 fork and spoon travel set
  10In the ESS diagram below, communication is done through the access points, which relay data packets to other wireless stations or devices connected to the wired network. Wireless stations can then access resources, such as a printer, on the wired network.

...

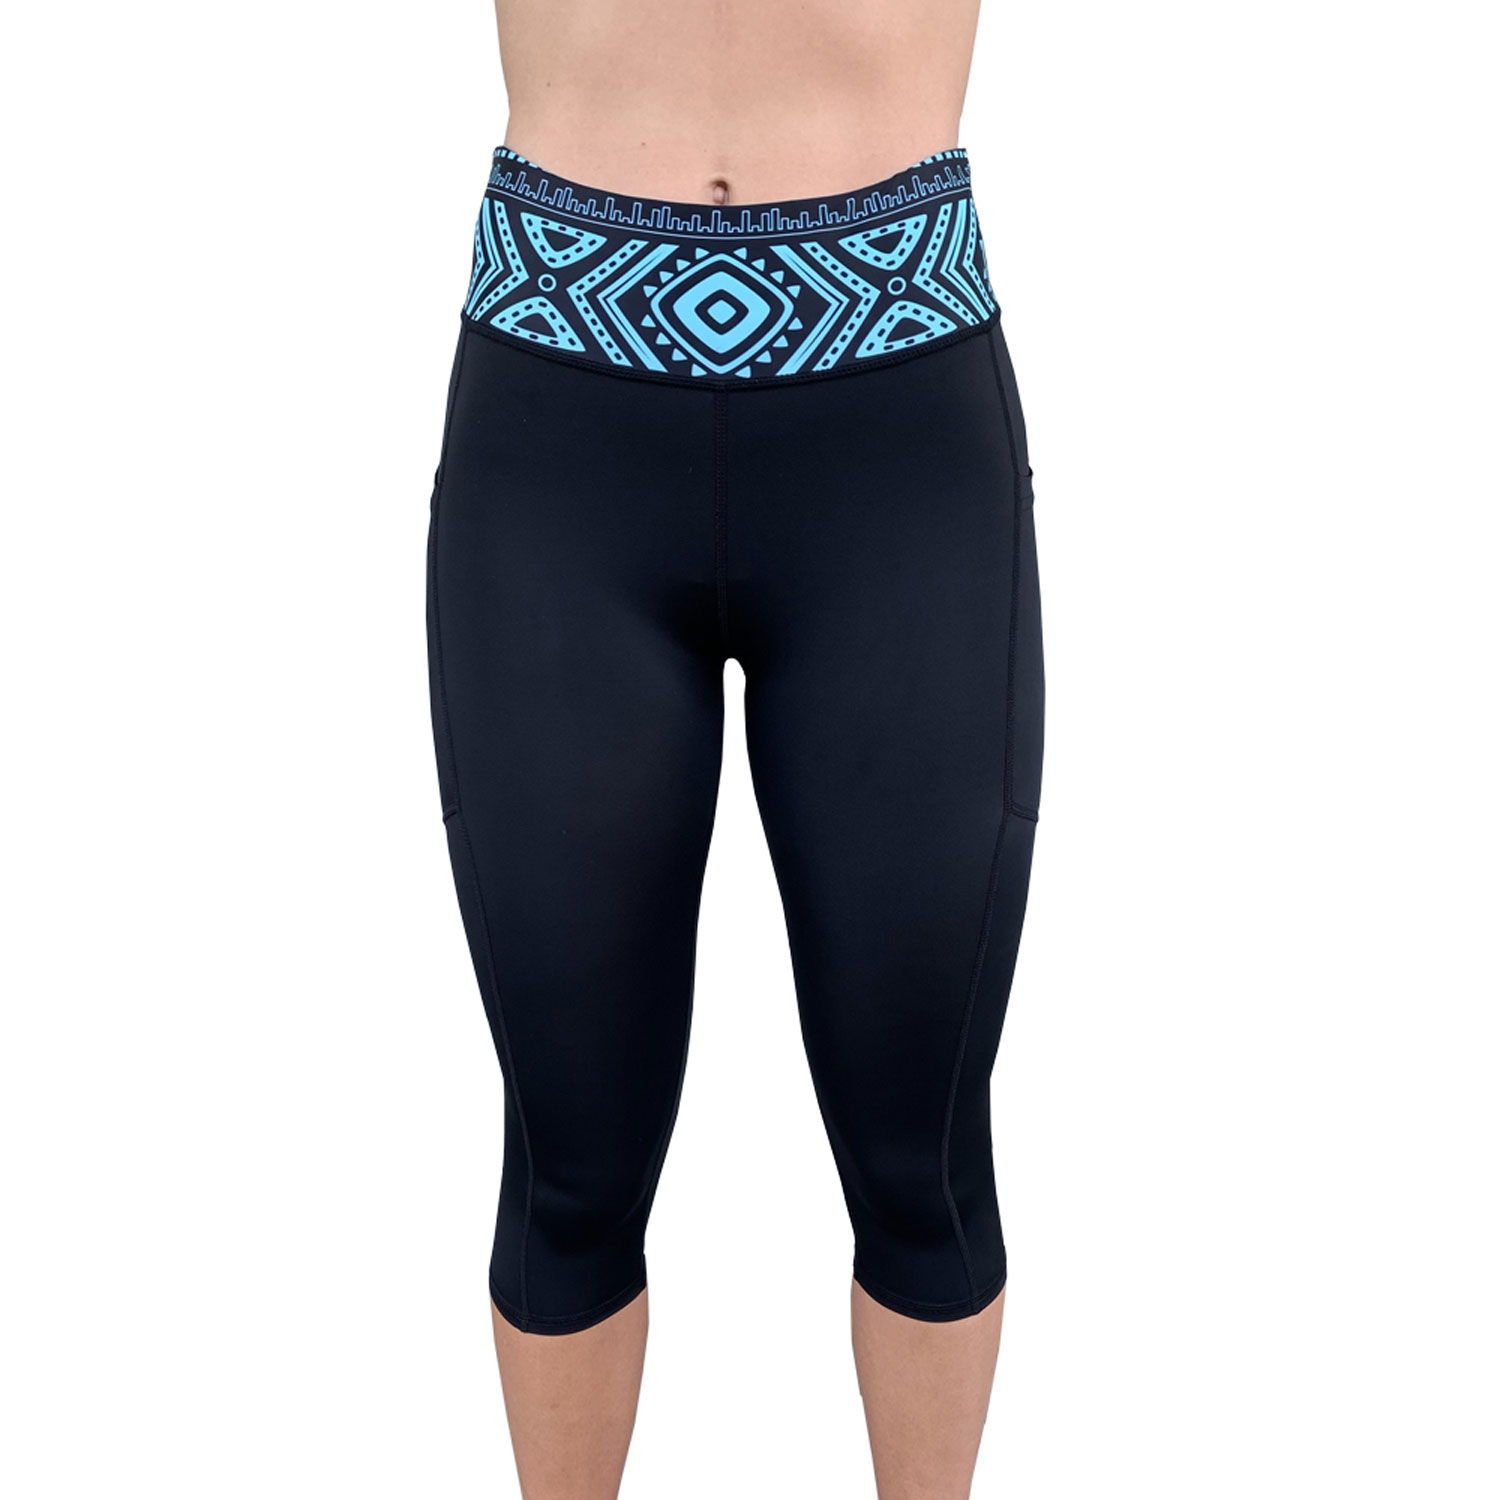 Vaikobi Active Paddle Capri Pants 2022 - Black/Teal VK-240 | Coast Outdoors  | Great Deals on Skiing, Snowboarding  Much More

==

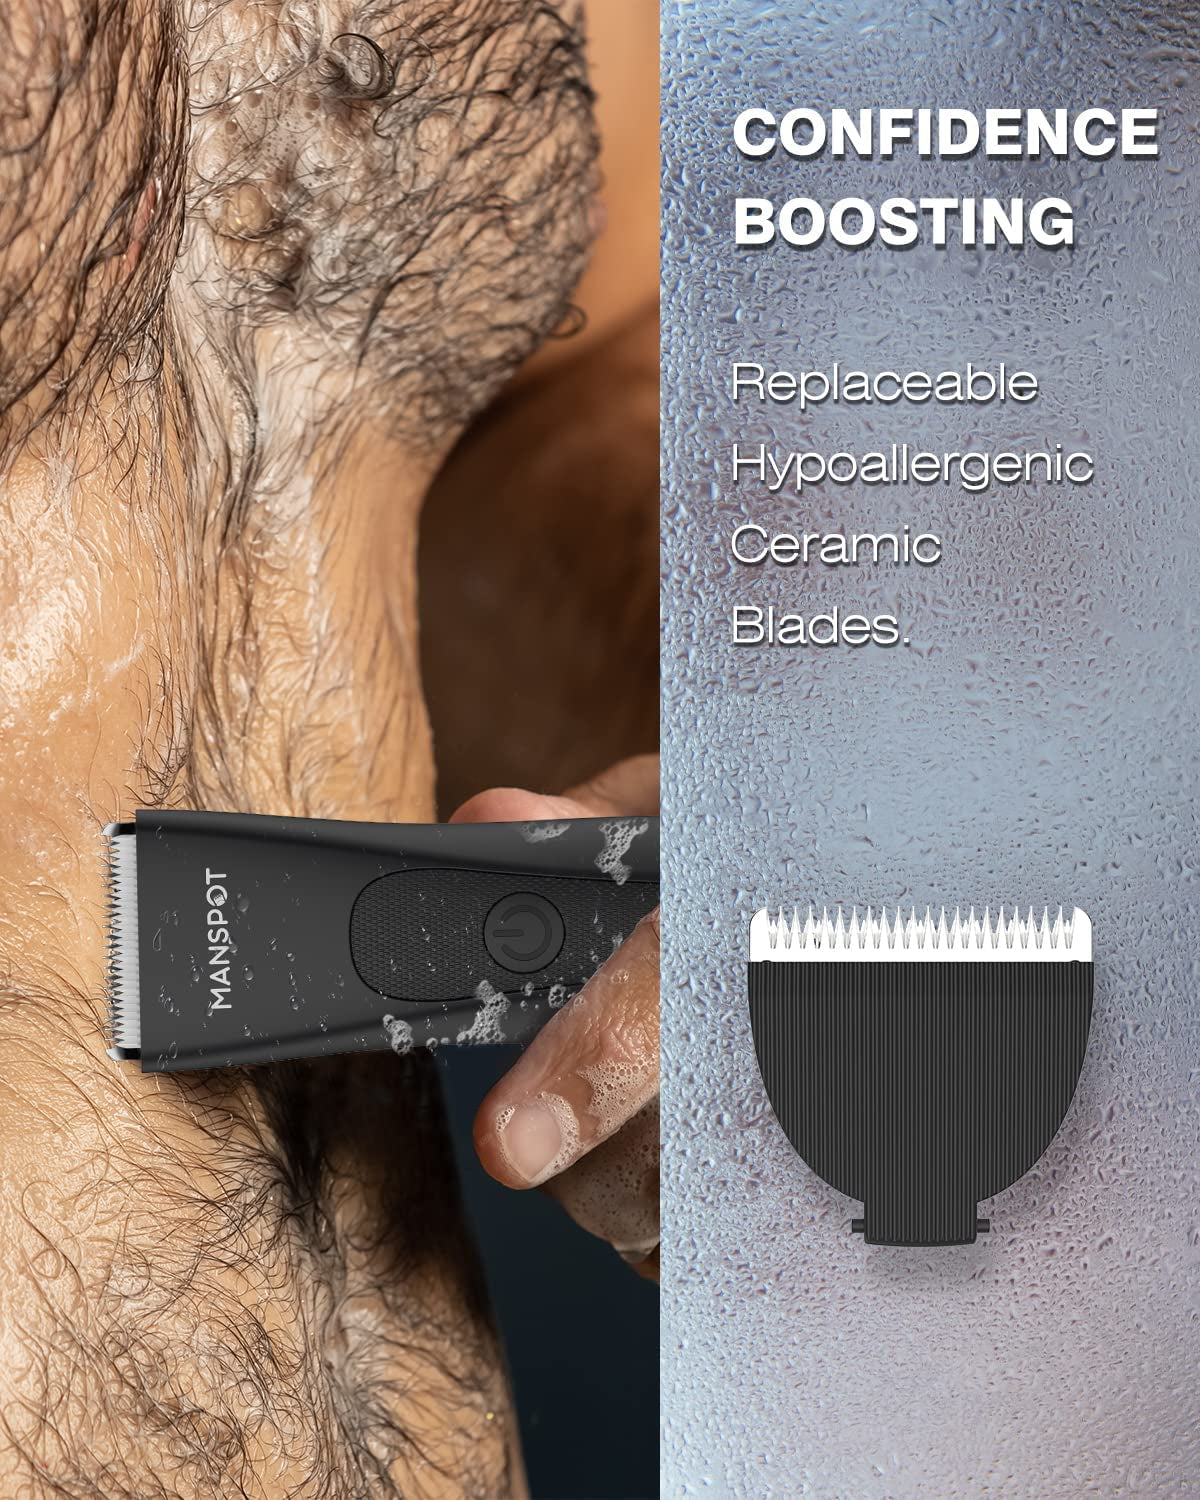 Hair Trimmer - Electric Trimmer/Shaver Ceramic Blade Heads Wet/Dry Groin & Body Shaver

About this exercise:
All lines above between those holding "fork and spoon travel set" and "10In the ESS", inclusive, must be set down unchanged, and no other line may be included.

Output below:
 fork and spoon travel set
  10In the ESS diagram below, communication is done through the access points, which relay data packets to other wireless stations or devices connected to the wired network. Wireless stations can then access resources, such as a printer, on the wired network.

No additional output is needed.